My system on which I use Fedora F30 Silverblue uses 2 SSDs Samsung. The service reads out the version number of FW used in my SSDs and looks somewhere if there is an important/urgent FW update available. If yes the service gives me a warning/alert to urgently update to new FW from Samsung.

There are websites trying to collect as much infos about new FW available:
https://www.station-drivers.com/index.php?option=com_remository&Itemid=353&func=select&id=309&lang=fr . May be Fedora has/knows about better sources for infos about FW versions.

No worries, most of us are not native English speakers either :slight_smile:

The LVFS service aims to do just this, but they contact the vendors directly. You can see what progress they’ve made here:

https://fwupd.org/lvfs/vendorlist

Unfortunately, it isn’t enough to be aware of new versions of firmware. The manufacturers have to test and release updates so that these can be used with their hardware. That’s what LVFS is trying to do.

1 Like

So after completing these three steps, where will the logs be saved? There is no obvious file in /var/log.

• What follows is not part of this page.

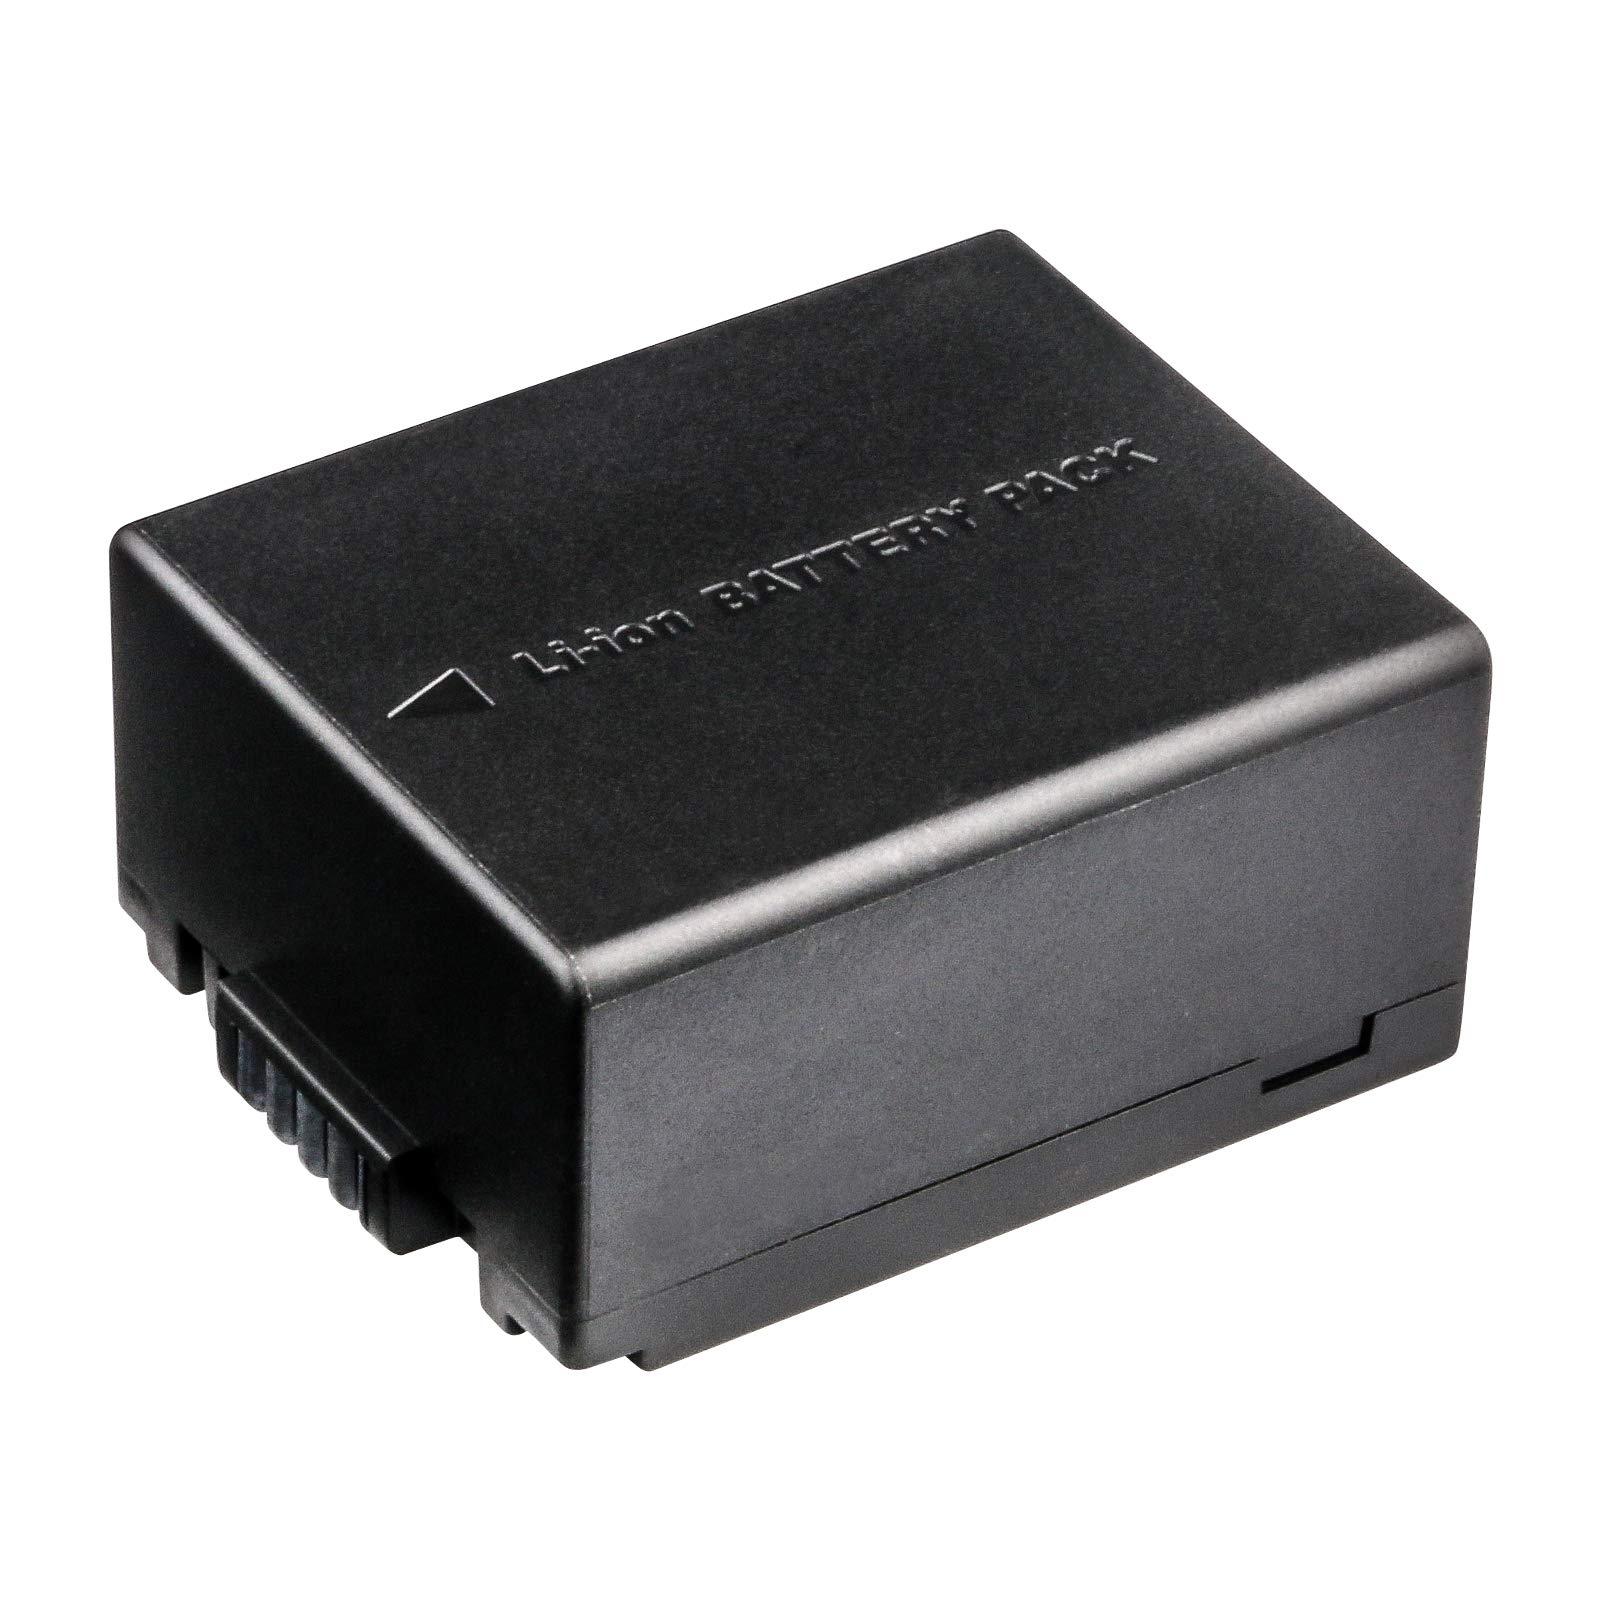 Kastar Battery Replacement for Panasonic DMW-BLB13 DMW-BLB13E DMW-BLB13PP Battery, Panasonic DE-A49 Charger and Panasonic Lumix DMC-G1 DMC-G2 DMC-G10 DMC-G10K DMC-GF1 DMC-GH1 Camera

The logs from sensord? They’re in the journal.

sudo journalctl -t sensord -e

To view them starting from the most recent. You’ll only be browsing the latest 1000 lines by default. Add -b to view everything since the last reboot, or -n 10000 or whatever (# of output lines) to look farther back in time. Alternatively, you can use the --since and --until flags to set a specific timeframe.

2 Likes

I’ve also had lots of random freezes due to my nvme ssd, this here solved the issue for me: [SOLVED] Install Fedora on SSD nVME Western Digital

add " nvme_core.default_ps_max_latency_us=5500" while editing startup parameters in grub

Not sure if this is applicable to your issue as you seem to have the same issue with your SATA, but maybe it helps others which are coming to this thread.

1 Like

Mmm, the Arch Linux wiki has good information (as usual) on NVMe APST (the Autonomous Power State Transition behavior configured by that default_ps_max_latency_us tunable), starting at the APST section I linked to but also continuing into the “Troubleshooting” section that follows.

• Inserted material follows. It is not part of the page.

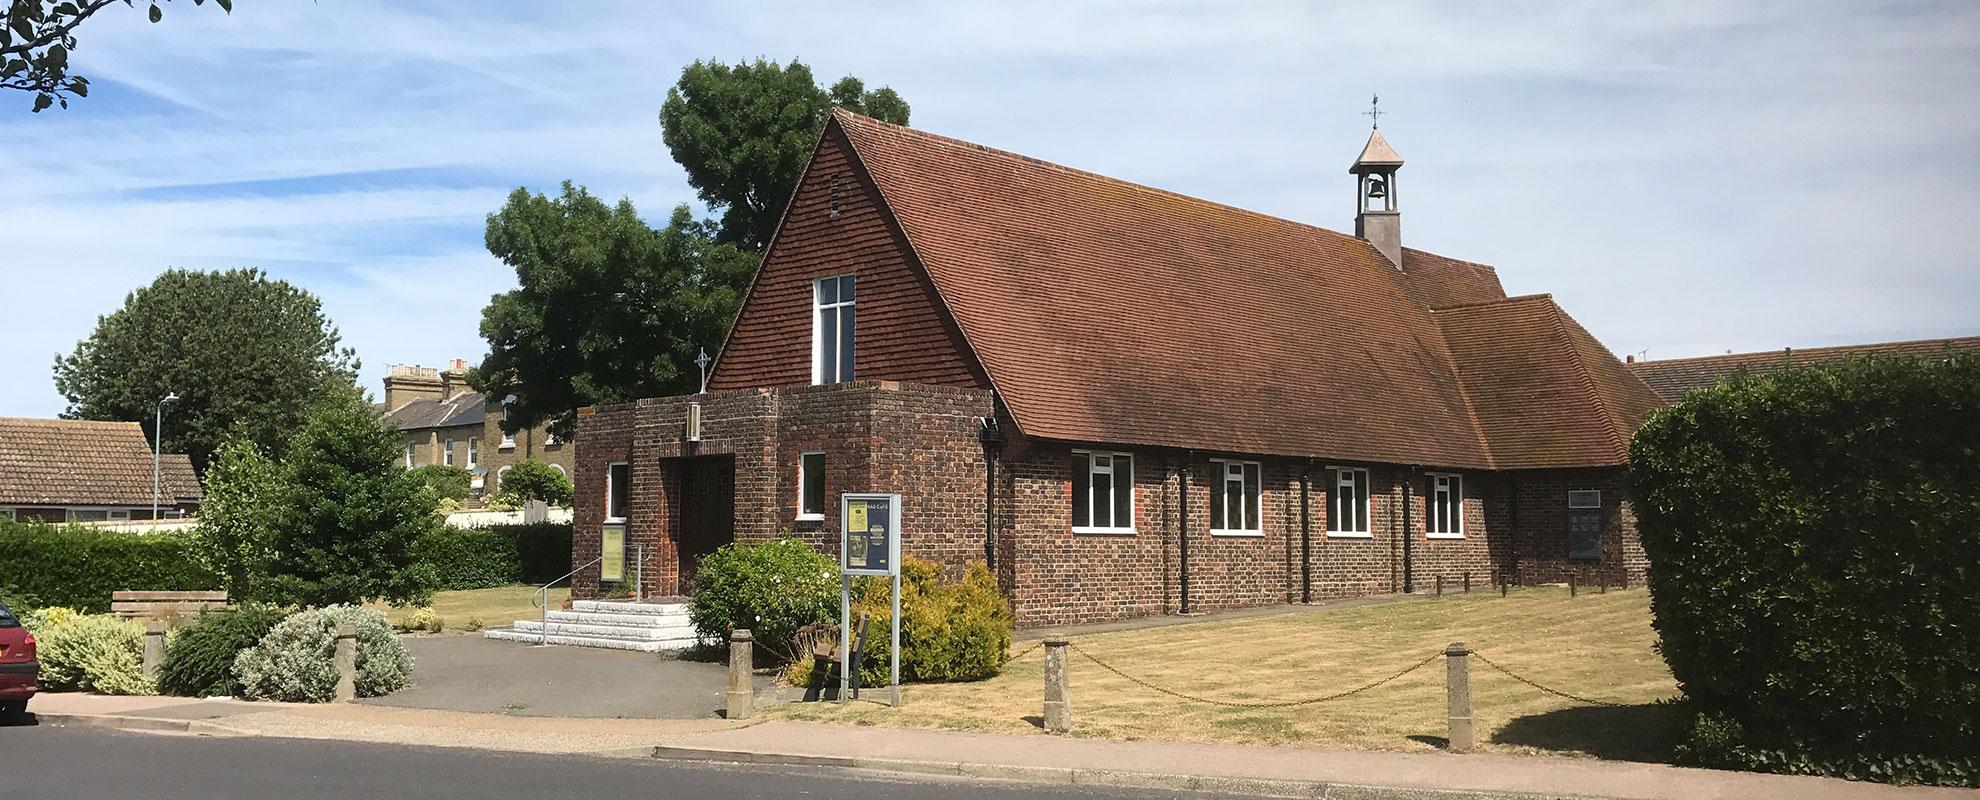 Open Church at St Thomas

Long story short, while setting arbitrarily-high values like 5500 probably works, they offer some details on how the nvme get-feature command can be used to examine the device’s APST behavior and determine the best value for a particular SSD, should the timeouts need to be adjusted. And, worst-case, nvme_core.default_ps_max_latency_us can apparently be set to 0 to completely disable APST on systems where it’s a problem. Also good to know, I’d think.